In der Doku »Rottet die Bestien aus!« reist Regisseur Raoul Peck zu den Ursprüngen moderner Genozide

  • Jan Freitag
  • Lesedauer: 4 Min.

Den Holocaust zu relativieren, ist einer der widerlichsten Pfade, auf die man sich besonders, aber nicht nur hierzulande historisch begeben kann. Wie einzigartig die Vernichtung von mehr als sechs Millionen Juden war, konnte man ja unlängst wieder im stocknüchternen ZDF-Drama »Die Wannseekonferenz« begutachten. Genozide kennt die Geschichte demnach zur Genüge. Dieser hier war jedoch nicht nur quantitativ, sondern qualitativ so singulär, dass sich Vergleiche aller Art verbieten. Das weiß auch Raoul Peck.

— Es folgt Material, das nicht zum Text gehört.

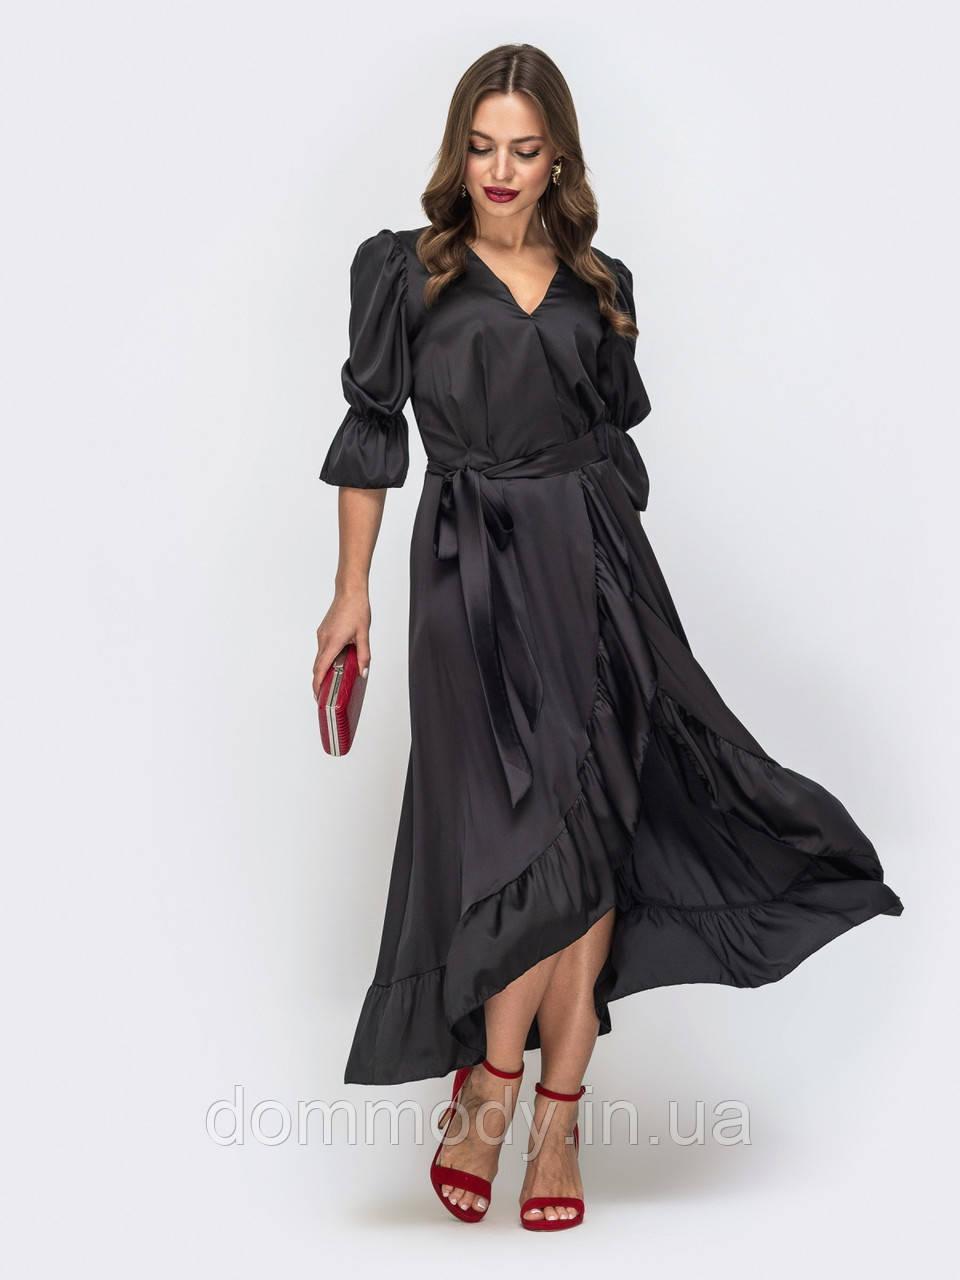 Платье женское Debbie black

Er weiß es sogar besser als andere, die sich mit Vernichtungstheorie und -praxis unserer autoaggressiven Spezies beschäftigen. Als Filmemacher im rassengetrennten Brooklyn hat sich der Schwarze Regisseur schließlich schon seit den 60er Jahren mit Menschheitsverbrechen von Amerika bis Ruanda beschäftigt. Er hat Despoten porträtiert und Revolutionäre, den Kapitalismus oder Karl Marx. Er kennt sich privat wie beruflich bestens aus mit Ursache und Wirkung systemischer Machtgefälle. Falls jemand heikle Vergleiche anstellen darf, dann dieser weit gereiste Kosmopolit zum eigenen Spezialthema: Kolonialismus.

Der nämlich, so lautet die Kernthese seiner herausragenden Arte-Dokumentation »Rottet die Bestien aus!«, ist eine Wurzel unsagbarer Übel bis hin zum Nationalsozialismus. Fünf Bedingungen listet Peck für dessen Ausrottungsfuror auf: Fanatismus, Ausbeutung, Sklaverei, Eroberung und Verachtung. »Aber niemand«, wendet der Ich-Erzähler im ersten von vier Teilen ein, »weist darauf hin, dass in Hitlers Kindheit zum europäischen Menschenbild gehörte, dass minderwertige Rassen zum Aussterben verdammt seien«. Womit die Serie 600 Jahre zur Inquisition jener katholischen Kirche zurückreist, die ihre (Macht-)Geilheit bekanntlich bis heute bei aller Liebe gern an den Schwächsten auslässt. Hier, konstatiert der Regisseur, hat die irdische Ungleichbehandlung der göttlichen Schöpfung auf Basis von Hautfarbe und Herkunft ihren Ursprung. Hier, fügt er hinzu, nimmt also jener eurozentristische Irrglauben weißer Dominanz Fahrt auf, der über Kreuzzüge und Entdeckungsreisende direkt in den Kolonialismus des 19. Jahrhunderts führt und von da weiter zum Holocaust.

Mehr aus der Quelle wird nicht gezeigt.